본문 바로가기

NPL with ML

Python에서 SpaCy를 사용한 텍스트 분류를 위한 기계 학습

반응형

 SpaCy 는 인기 있고 사용하기 쉬운 Python의 자연어 처리 라이브러리입니다. 정확도와 속도가 매우 높은 라이브러리이지만 상대적으로 새로운 NLP 라이브러리이기 때문에 NLTK 만큼 널리 채택되지 않고 있습니다. 

 

Spacy 수행을 위해 Data Sample은 아래와 같습니다.

research_paper.csv
0.18MB

 

1. Data 알아보기

error_bad_lines=False Option을 이용하여 문제가 되는 Line을 무시한다.

import pandas as pd
import numpy as np
import seaborn as sns
import matplotlib.pyplot as plt
import base64
import string
import re
from collections import Counter
from nltk.corpus import stopwords

stopwords = stopwords.words ( 'english')
df = pd.read_csv (r'C:\\Users\HANA\\PycharmProjects\\HANATOUR\NLP\\TEXT_Example\\research_paper.csv',  sep=',', error_bad_lines=False)
print(df.head())
print(df.info())

Title과 Conference의 값이 나옵니다.  각 Conference에 대한 Text에 대한 텍스트 분류를 합니다.

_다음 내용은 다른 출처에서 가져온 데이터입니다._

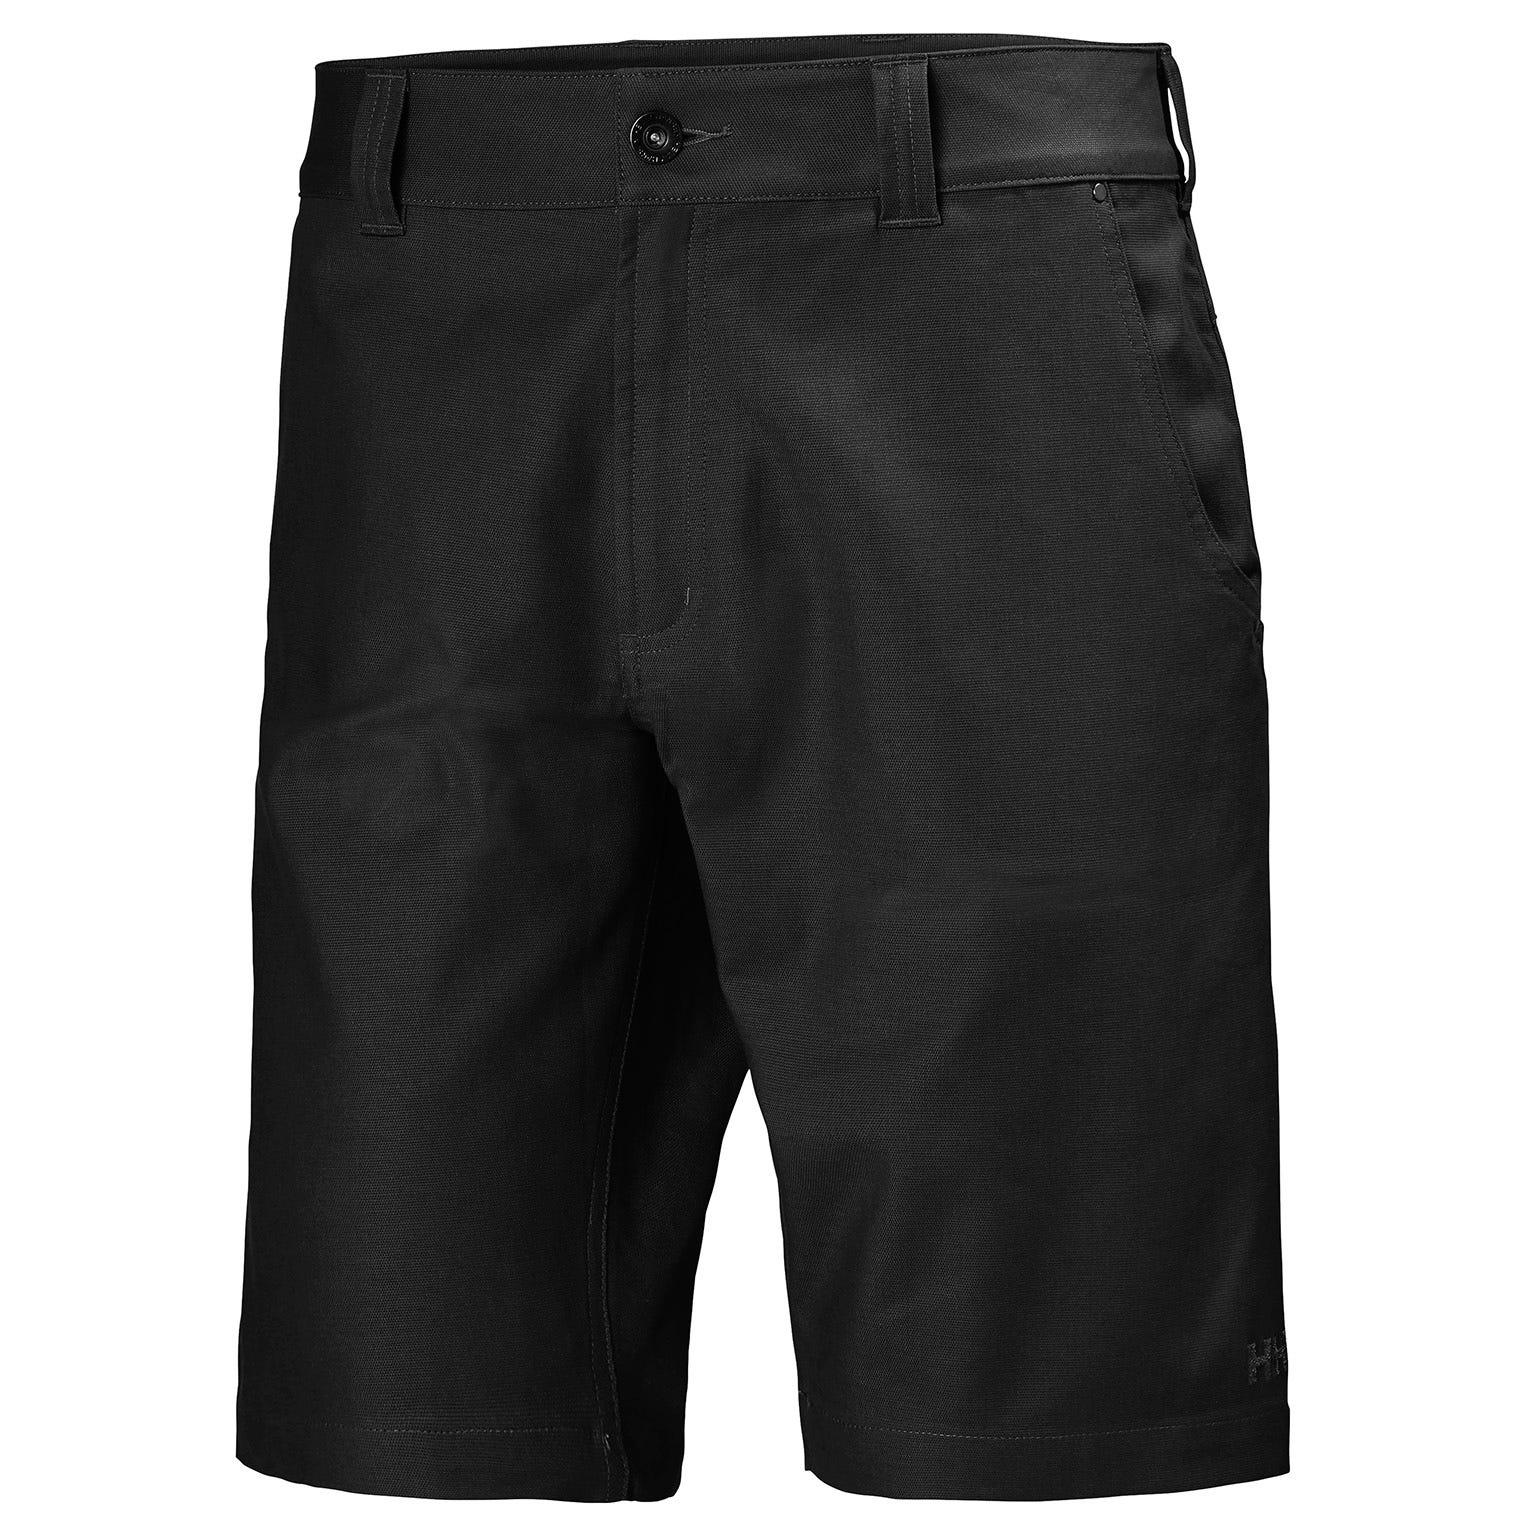 Mens Essential Canvas 5-pocket Hiking Shorts | Uk Helly Hansen Mens Trouser Black L

                                               Title Conference
0  Innovation in Database Management: Computer Sc...       VLDB
1  High performance prime field multiplication fo...      ISCAS
2  enchanted scissors: a scissor interface for su...   SIGGRAPH
3  Detection of channel degradation attack by Int...    INFOCOM
4  Pinning a Complex Network through the Betweenn...      ISCAS

 

Data에 결측값이 있는지 체크합니다. 없더군요.

print(df.isnull().sum())

 

test와 train을 나누고 유형을 확인한 후 Conference에 대한 데이타 분포를 그래프로 그래봅니다.

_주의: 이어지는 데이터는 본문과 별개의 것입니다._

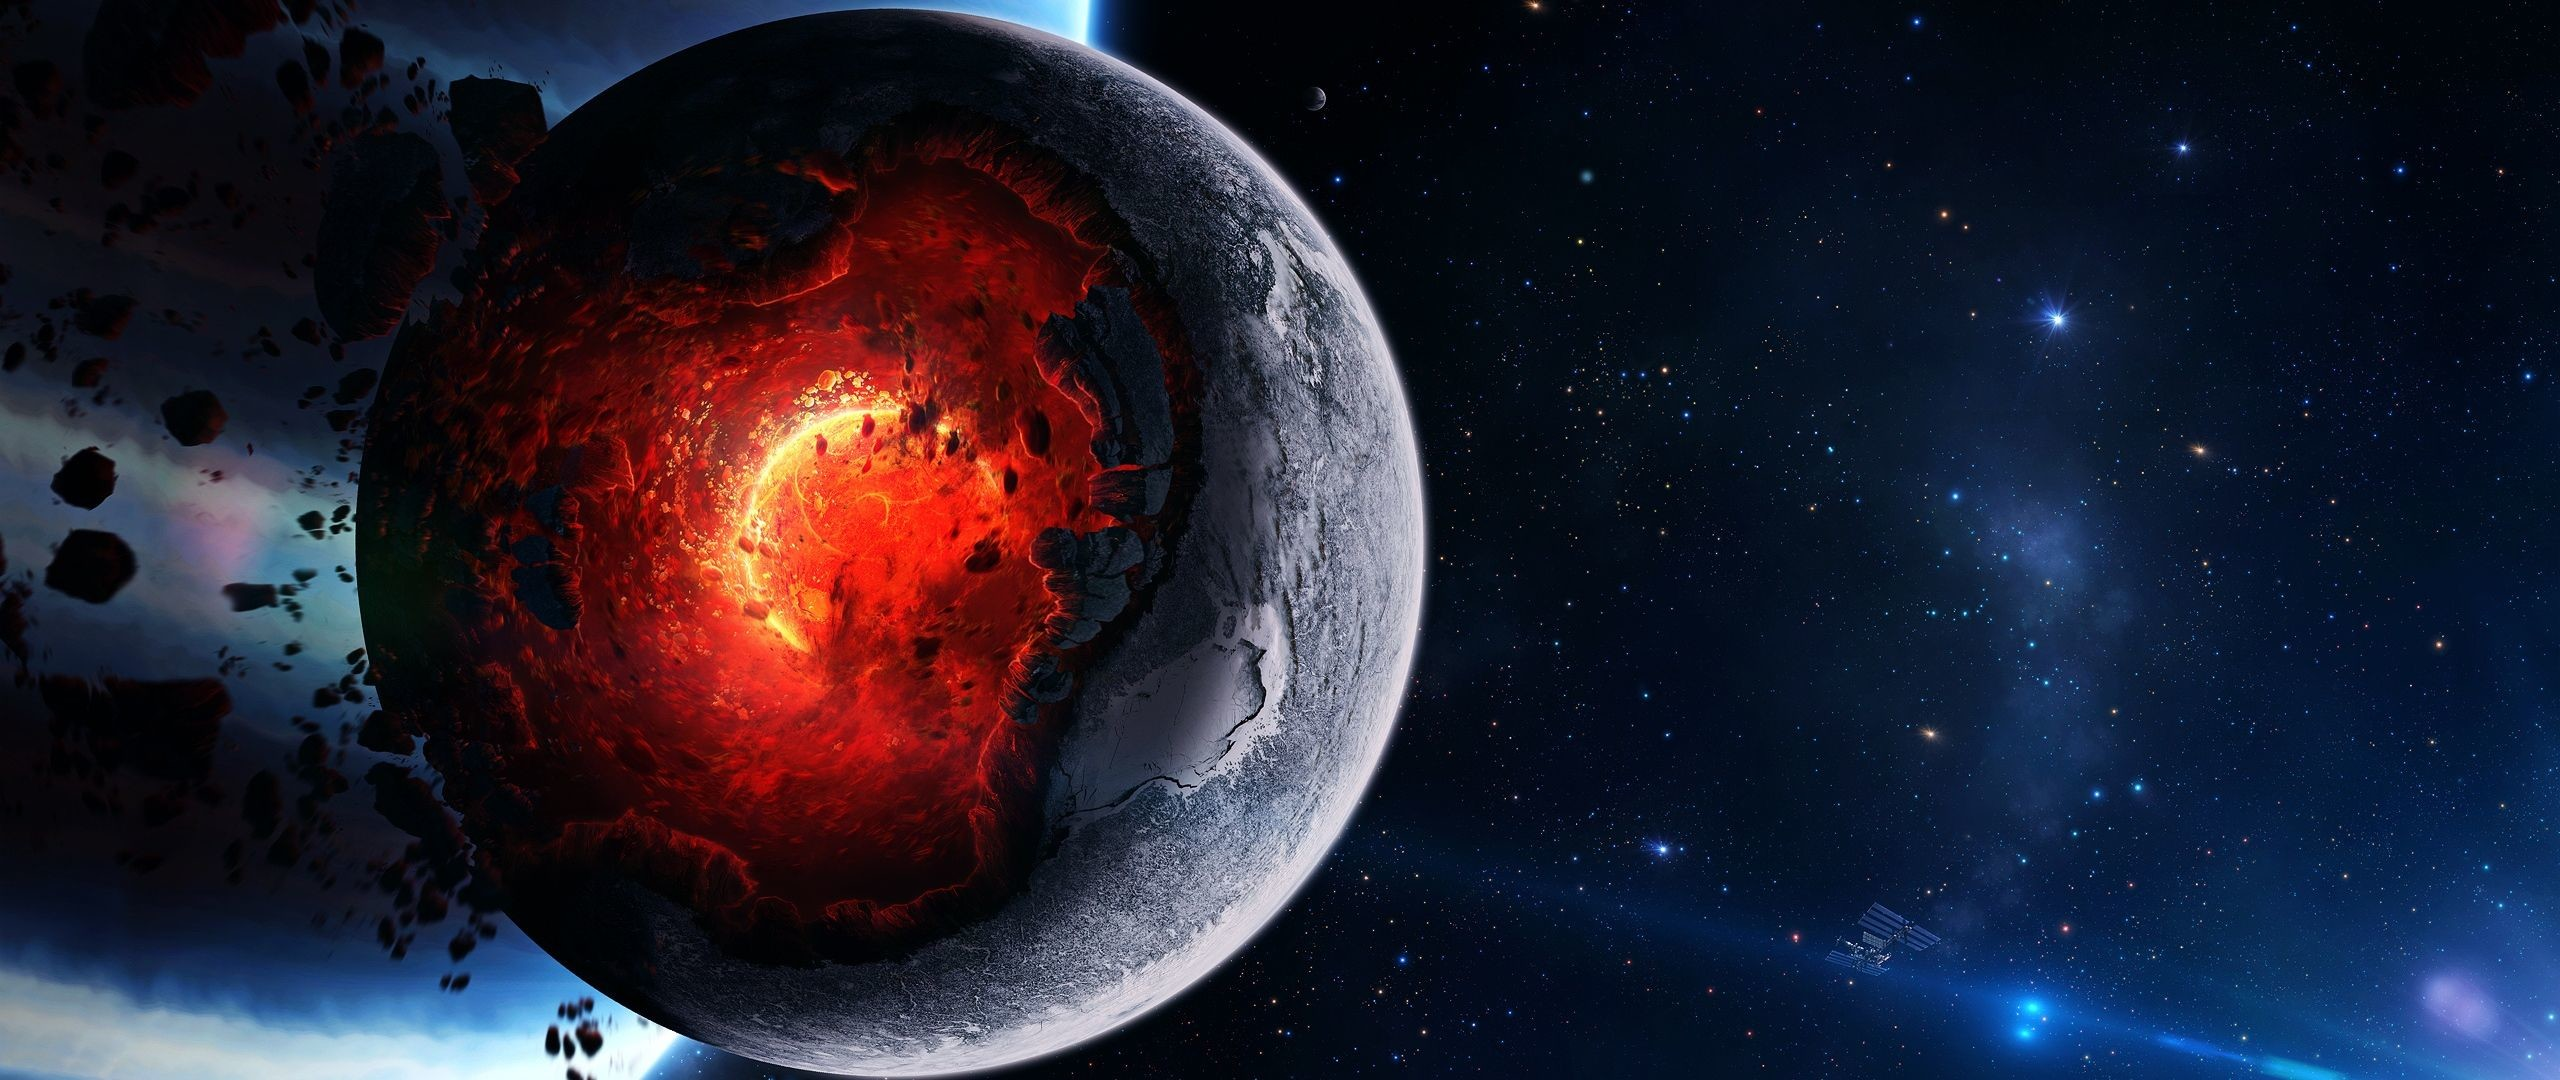 Res: 2560x1080, Download Wallpaper  Space, Cataclysm, Planet, Art, Explosion,  Asteroids, Comets

from sklearn.model_selection import train_test_split
train, test = train_test_split(df, test_size=0.33, random_state=42)
print('Research title sample:', train['Title'].iloc[0])
print('Conference of this paper:', train['Conference'].iloc[0])
print('Training Data Shape:', train.shape)
print('Testing Data Shape:', test.shape)

fig = plt.figure(figsize=(8,4))
sns.barplot(x = train['Conference'].unique(), y=train['Conference'].value_counts())
plt.show()

 

5개의 Conference로 나누어지고 INFOCOM관련 문서가 많음을 확인하였습니다.

Research title sample: Cooperating with Smartness: Using Heterogeneous Smart Antennas in Ad-Hoc Networks.
Conference of this paper: INFOCOM
Training Data Shape: (1679, 2)
Testing Data Shape: (828, 2)

 

 

Spacy를 이용하여 Text 전처리를 시행하겠습니다. en_core_web_sm을 로드하기 위해 코맨드 창에 "python -m spacy download en_core_web_sm"을 시행한 후 하기 프로그램을 실행합니다.

 

이 후 INFOCOM과 ISCAS Conference에서 가장 많이 사용한 단어 Top 10을 가져옵니다. 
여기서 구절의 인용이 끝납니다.